* Task *
Repeat word for word the lines starting at the one with "Prévisualisation du document" and ending at the final line of the material, both ends included; omit pictures.

* Data provided *
>>>>

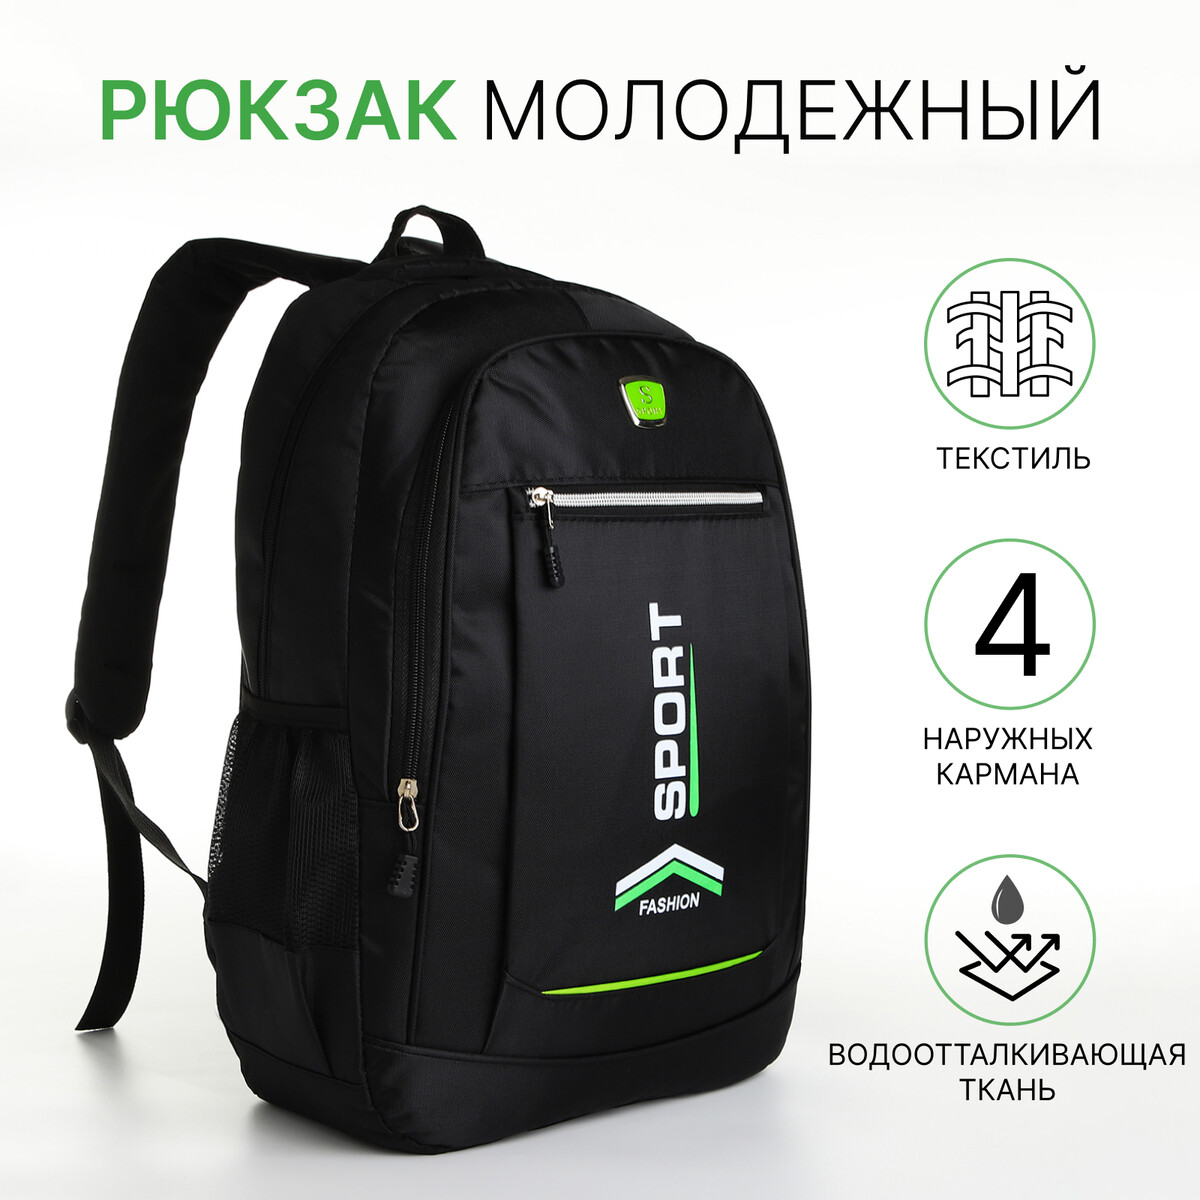 Рюкзак молодежный на молнии, 4 кармана, цвет черный/зеленый рюкзак молодежный из текстиля 2 отдела на молнии 4 кармана зеленый
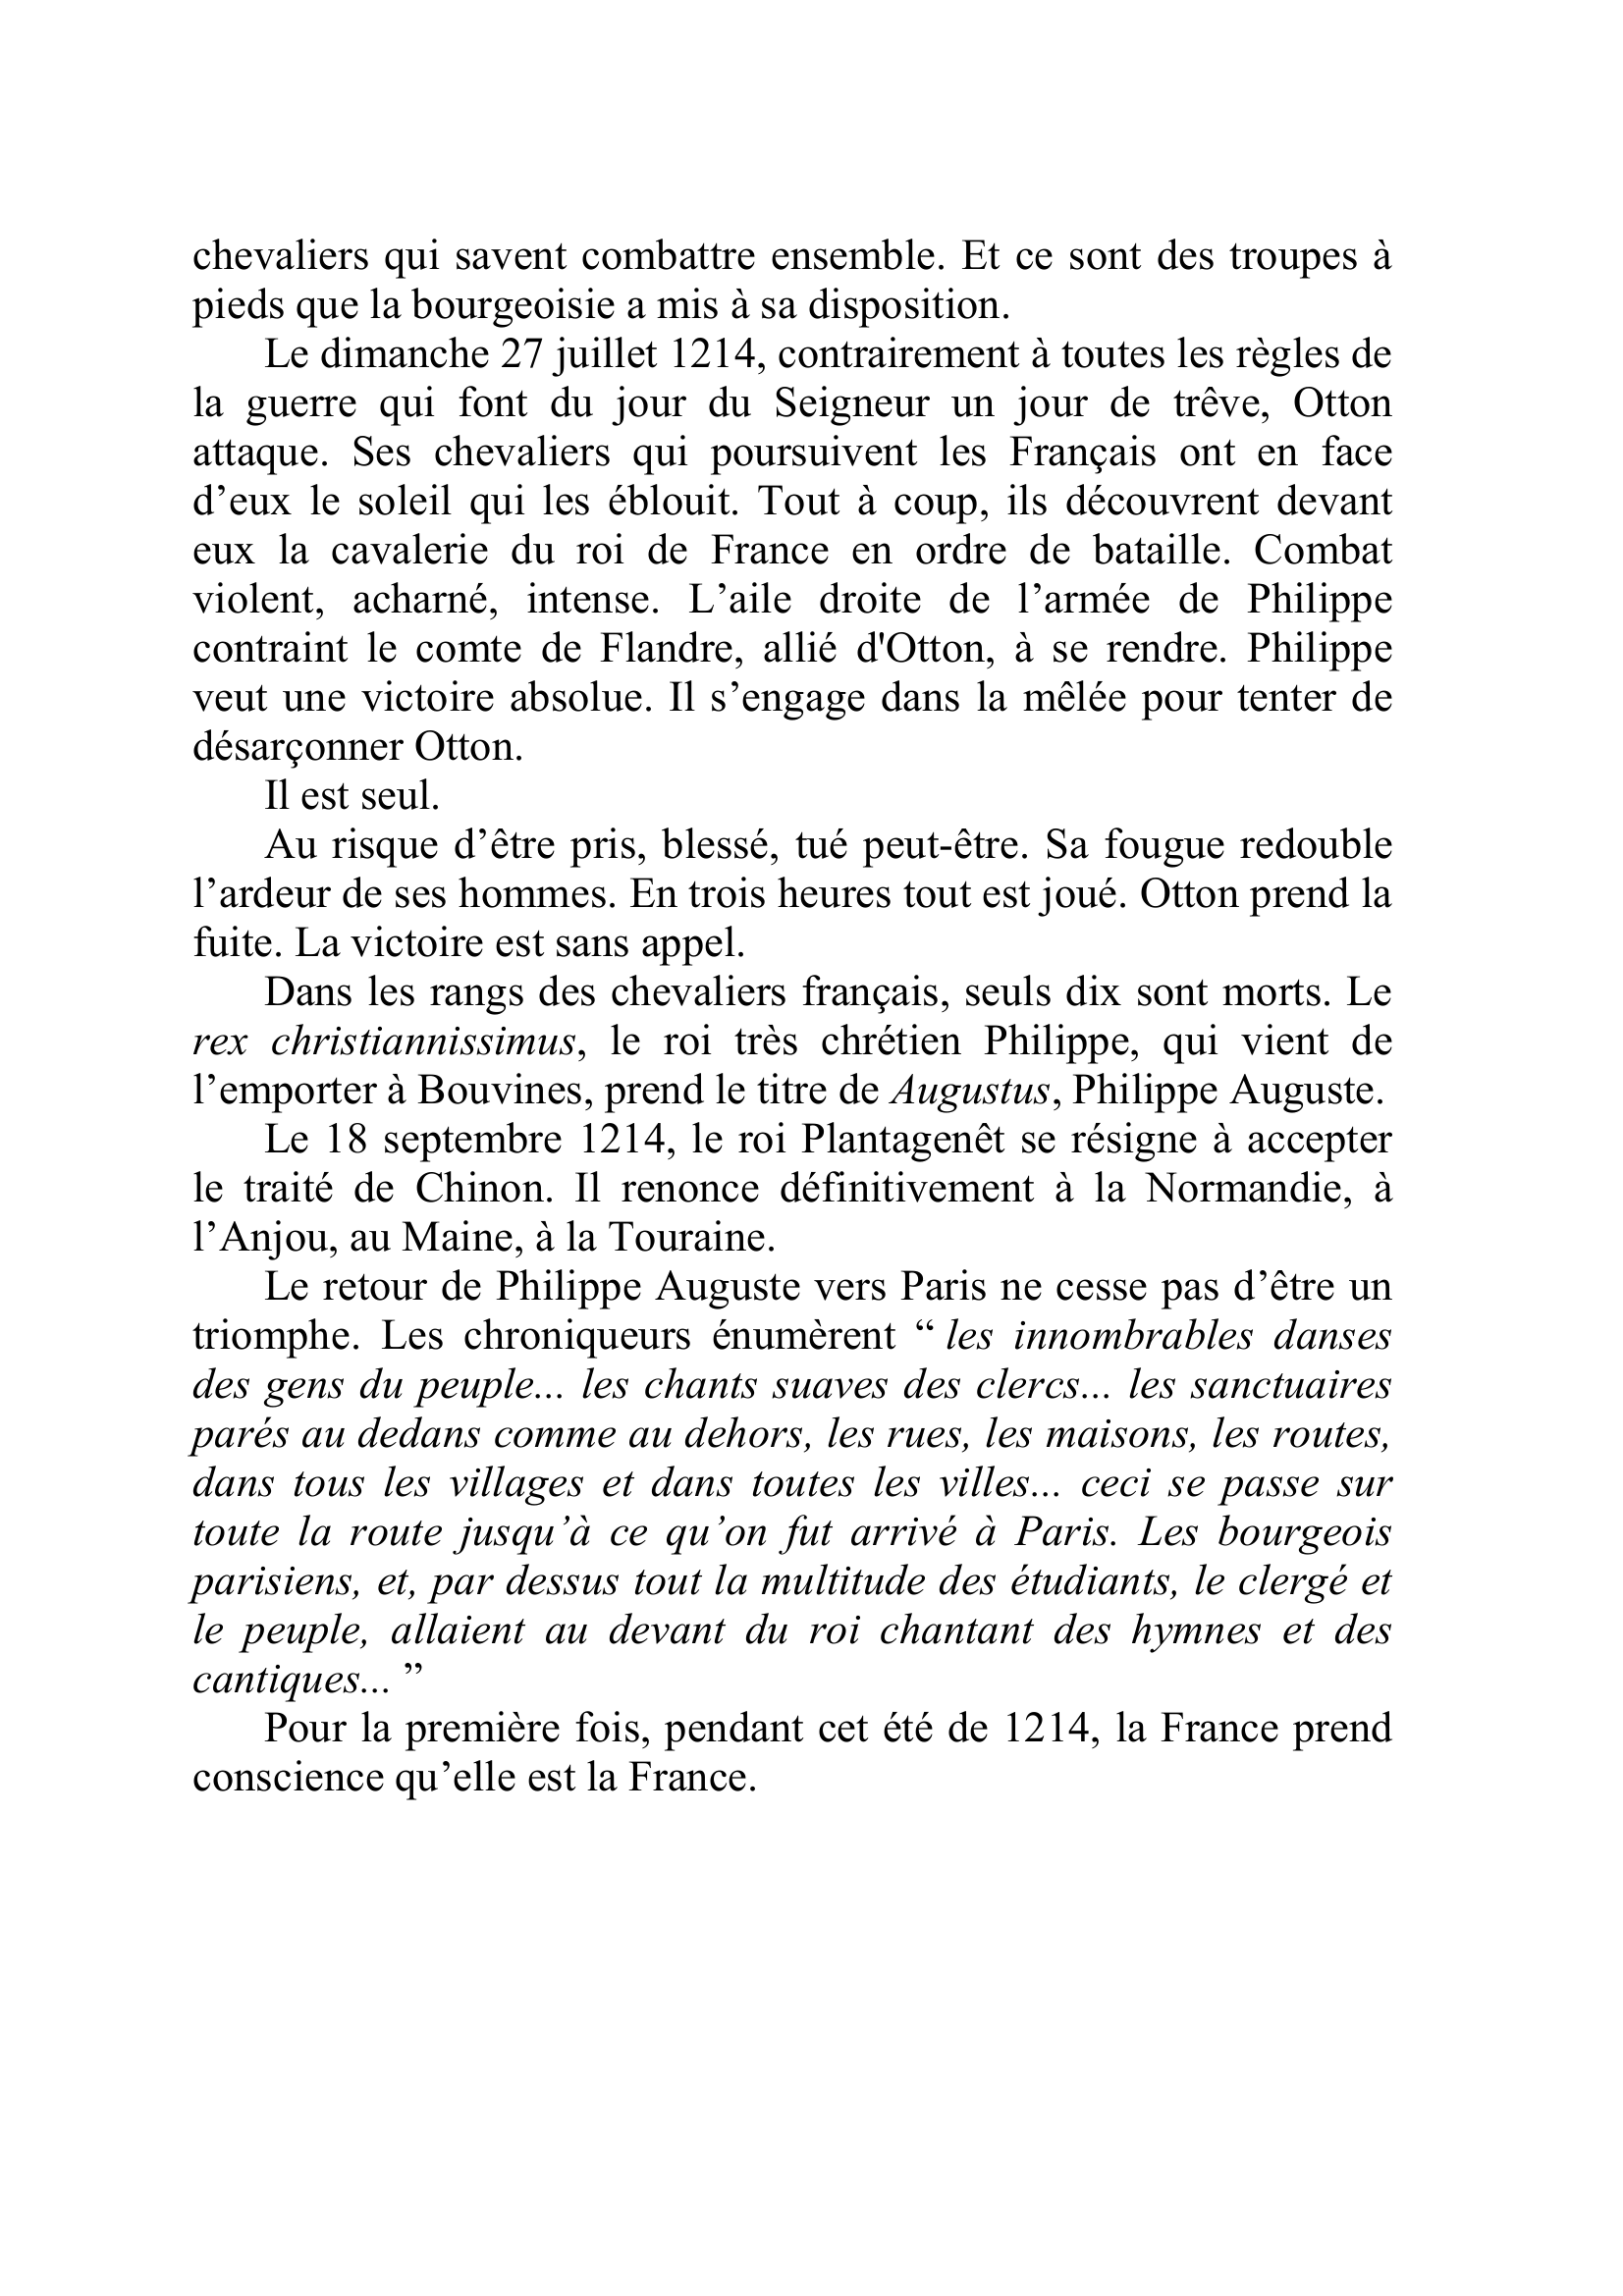 Prévisualisation du document " De notoriété publique, le roi de France ne reconnaît au temporel aucune autorité supérieure à la sienne" déclare en 1204 le pape Innocent III.
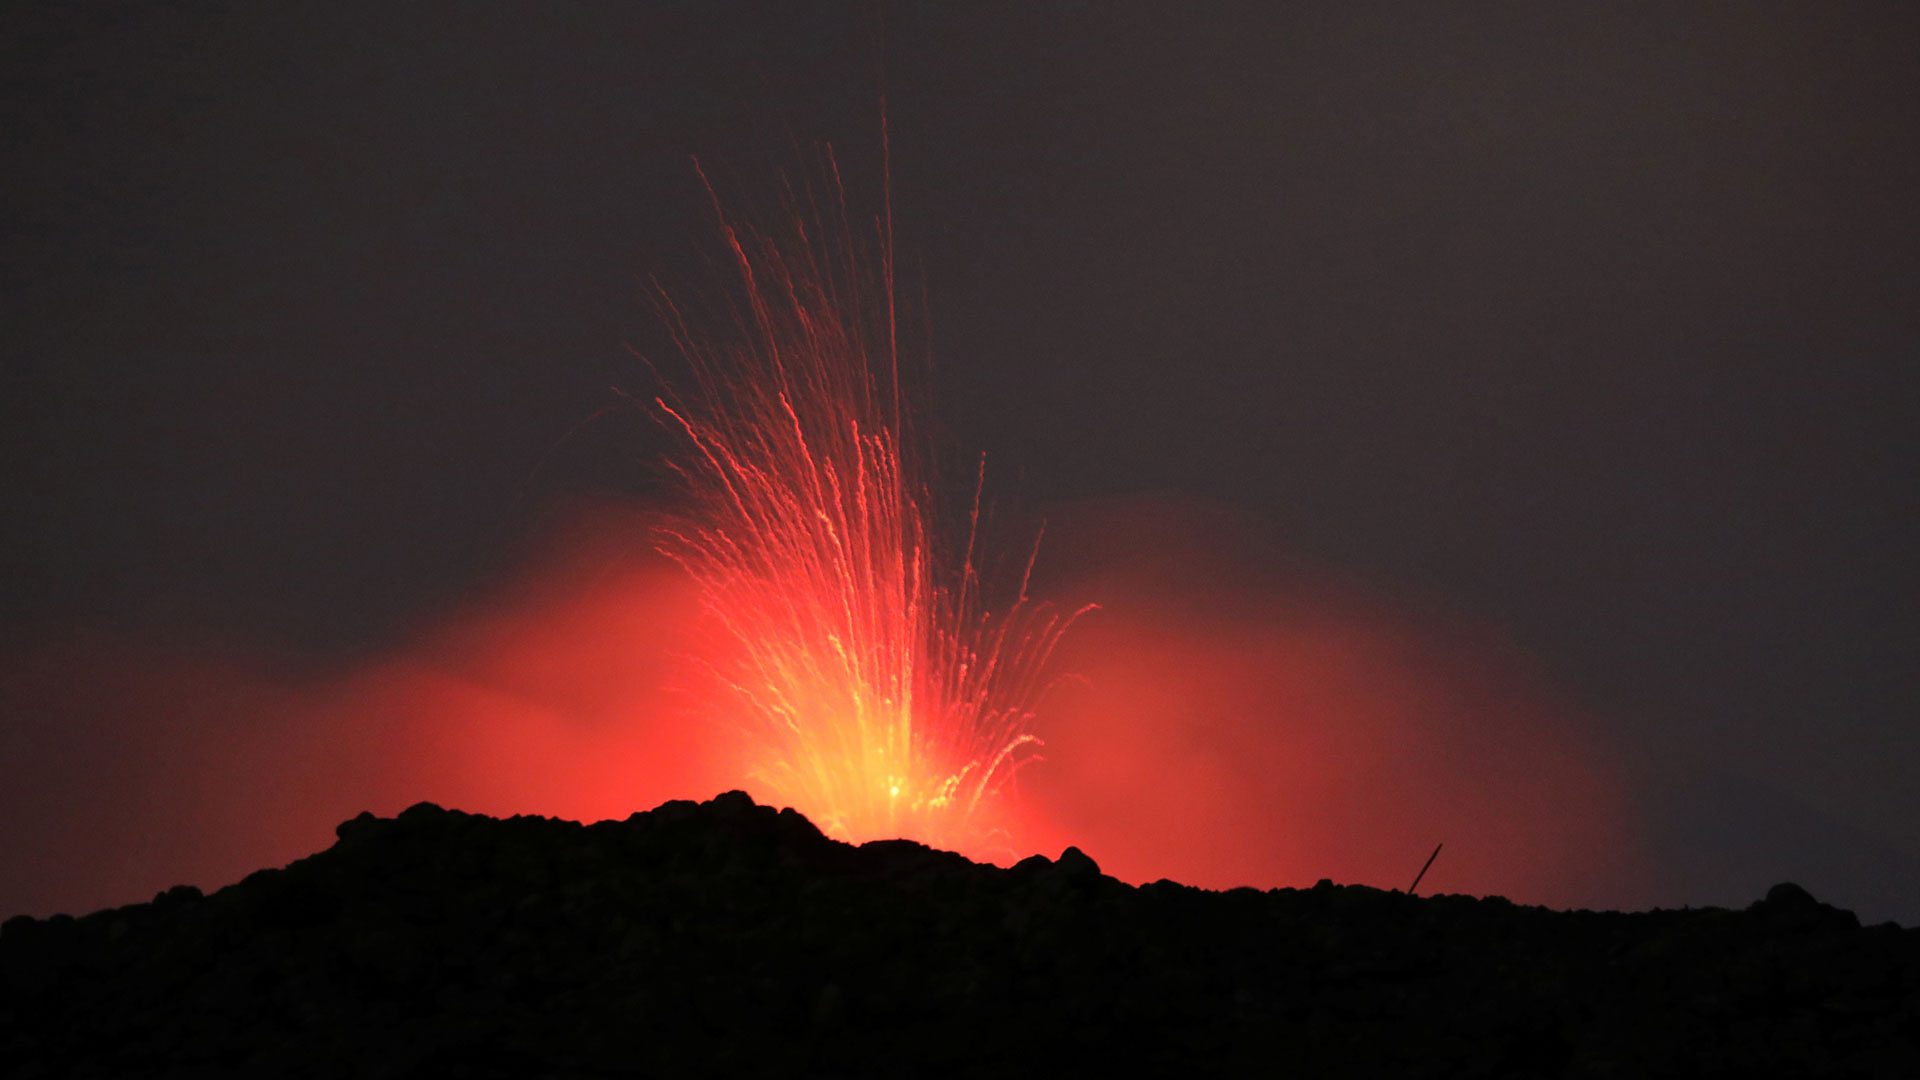 Mount Merapi: Volcano eruption spews enormous ash cloud

<<<<

* Solution for this problem *
 Prévisualisation du document " De notoriété publique, le roi de France ne reconnaît au temporel aucune autorité supérieure à la sienne" déclare en 1204 le pape Innocent III.
 Mount Merapi: Volcano eruption spews enormous ash cloud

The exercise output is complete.